The county of Wrexham’s other successful scheme is Rhosllanerchrugog Football Club, which has received a grant of £2,500.
The club uses football and a range of social activities to promote inclusion amongst male, females, ethnic groups and the disabled. The grant will enable them to further develop their work by providing equipment and other resources.
Club secretary Mike McLellan, who with local councillor David Maddocks has been a driving force behind the scheme, said: “We started from scratch only last summer so this grant will be a big boost for us.
“We’ll use it to buy kits and to cover other expenses such as coach travel, team registrations and storage facilities near the pitch.
“We launched the club through social media and we didn’t realise how successful we would become as we’re now getting around 60 kids turning up for sessions.
“Our aim is work in partnership with local police officers and to go beyond football by inviting young people to the local community centre for talks on subjects such as improving the area, staying away from anti-social behaviour and litter control.
“We’ll also be bringing in other people from the community so that the different generations can mix together.”
North Wales Police and Crime Commissioner Arfon Jones, who jointly presented the awards with Assistant Chief Constable Richard Debicki, said: “I am delighted that my Your Community Your Choice fund continues to support community projects across north Wales for a sixth consecutive year.

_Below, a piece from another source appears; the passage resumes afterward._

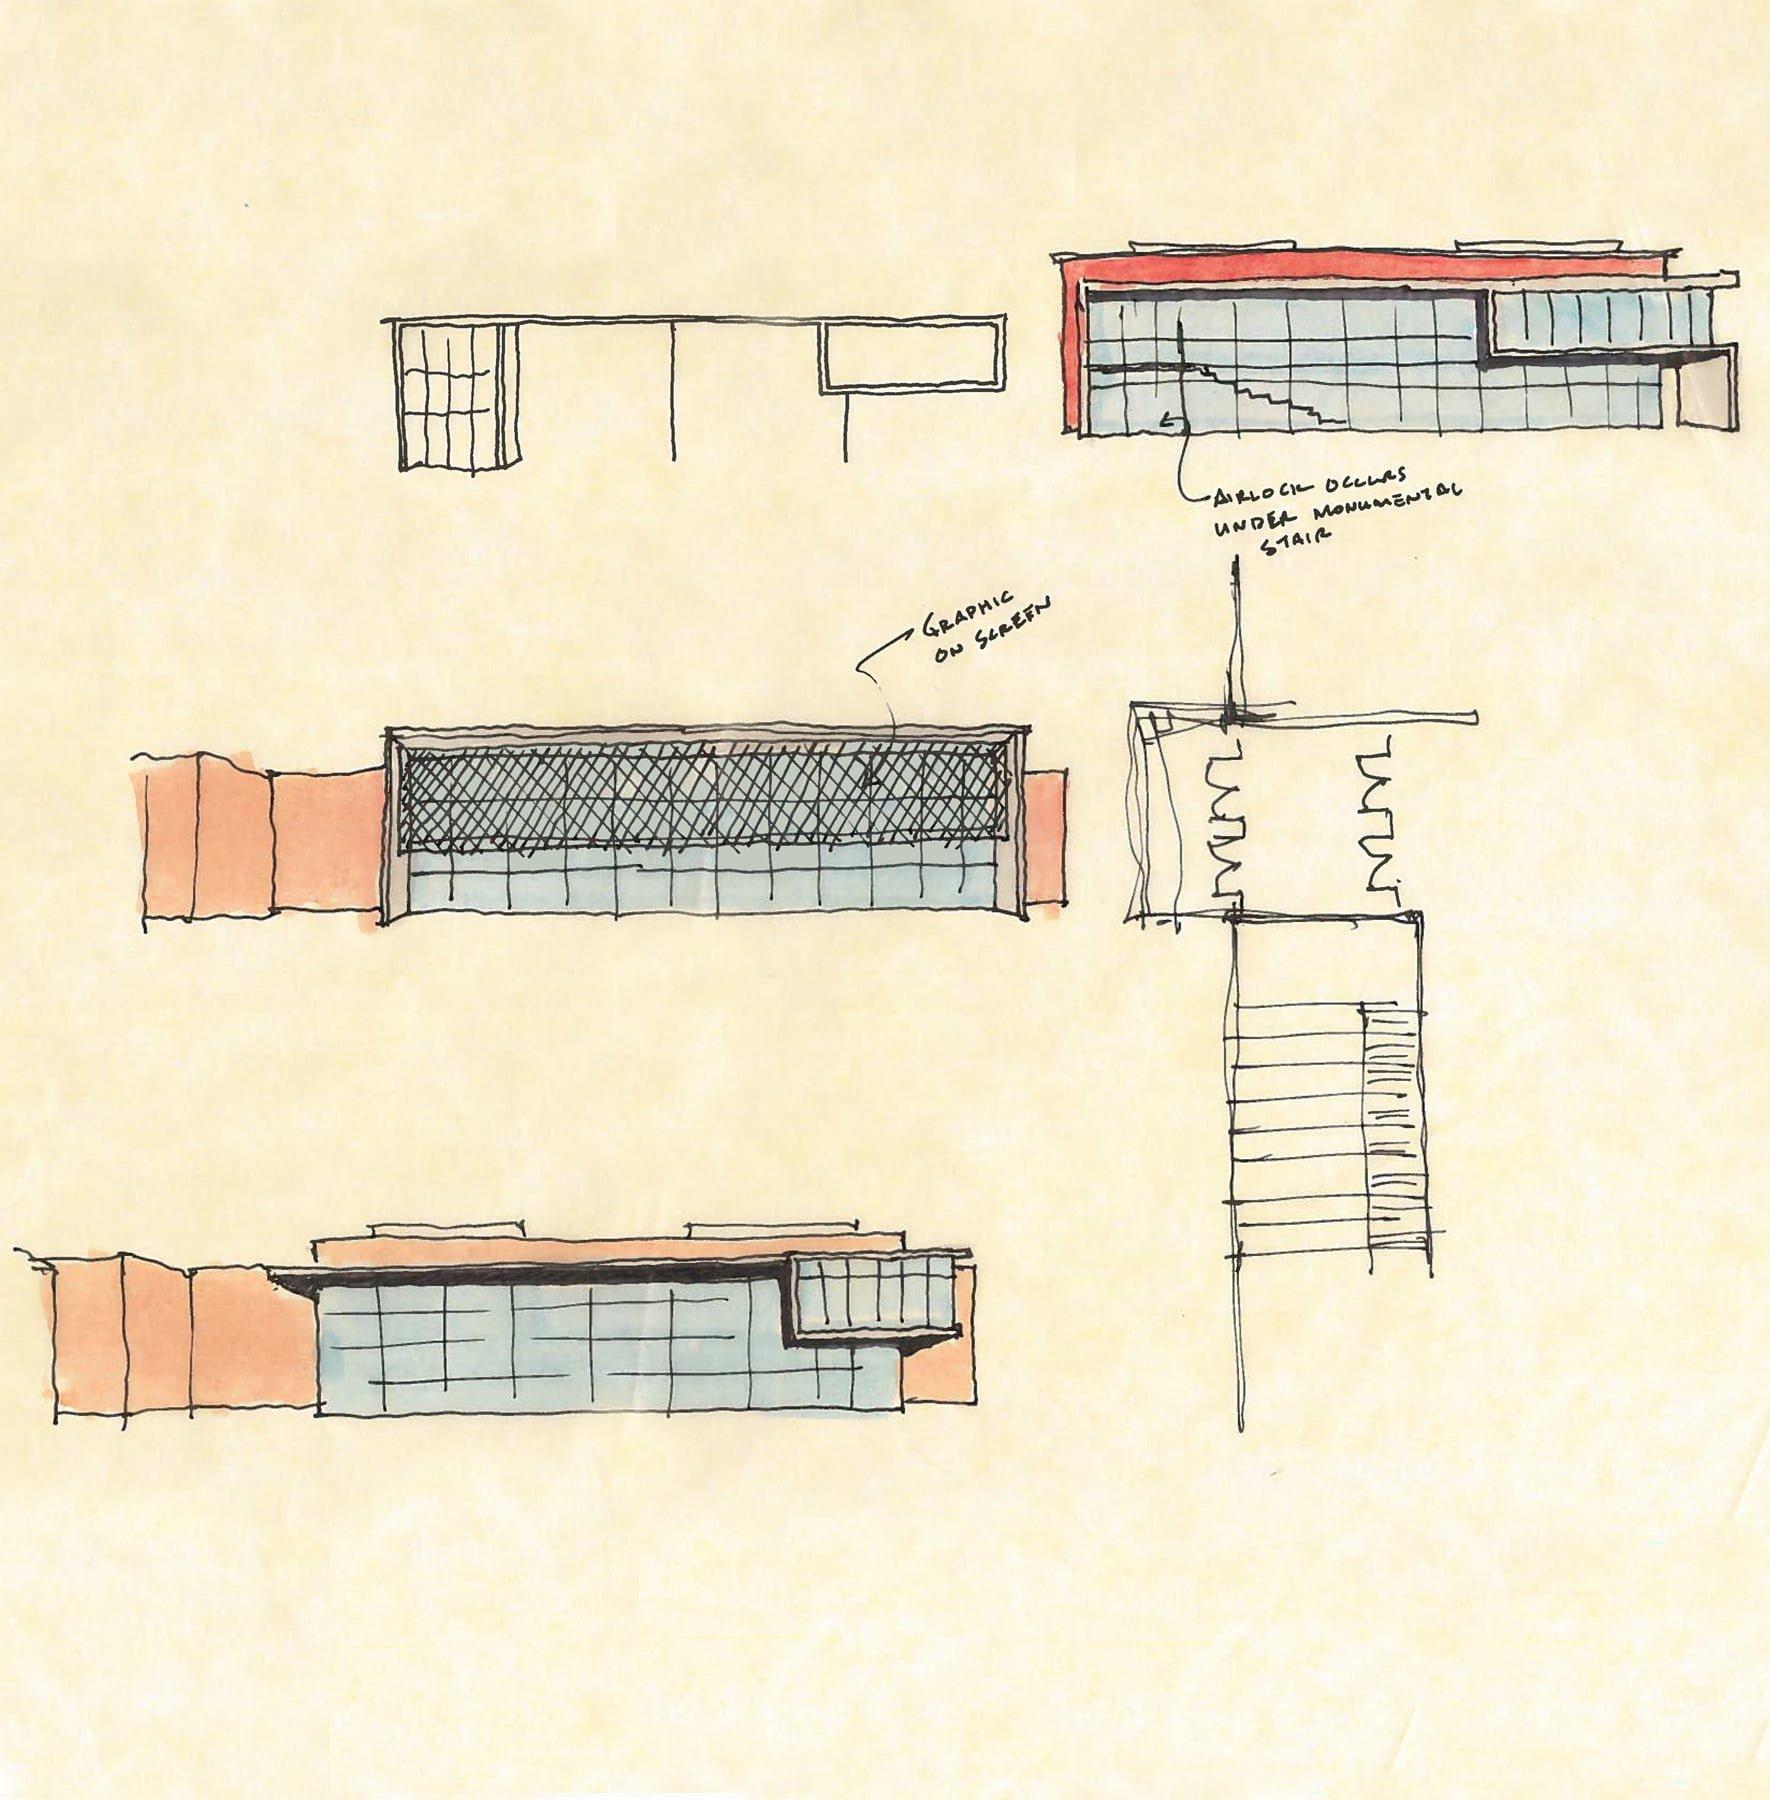 Morton Hall Color Sketch (1770x1800)

“I recently launched my Social Value Policy which seeks to expand our support to local communities and ‘Your Community Your Choice’ provides me with an opportunity to do just that.
“This unique fund allows our communities to decide which projects should get financial support and the response showed that communities can work together to make our public places safer.
“I have visited a number of last year’s successful projects and have been extremely impressed with the work done to ensure that our communities continue to be some of the safest places to live, work and visit in the UK.
“Delivering Safer Neighbourhoods is one of my key priorities in my Police and Crime Plan and I am delighted that your organisations have developed projects that support this Plan.”
Assistant Chief Constable Richard Debicki said: “The funding which you have received has been made available by the Police and Crime Commissioner and through assets seized from criminals under the Proceeds of Crime Act.
“This is a particularly vital message as, through the professionalism of North Wales Police Officers and with the support of the Courts, we are able to hit the criminals where it hurts – in their pockets.
“This is the fifth year of Your Community Your Choice funding and during this time North Wales Police has recovered £2.3 million of cash and assets with £627,000 coming back to North Wales from the Home Office to support schemes such as this.
“It sends a really positive message that money taken from the pockets of criminals is being recycled. This is turning bad money into good.”
PACT chairman David Williams added: “We are delighted that we can assist in the administration of this fund.
“I think the breadth of our grant giving right across North Wales, from the tip of the west to the furthest part of the east, really sends a strong message to communities to access this money, it’s there for them.
“Very appropriately, one of the conditions is that the people who apply for this money have to be doing something that combats anti-social behaviour or addresses crime and disorder in some way.
“The aims Your Community, Your Choice scheme also coincide with the objectives of the Commissioner’s Police and Crime Plan so it creates a virtuous circle.”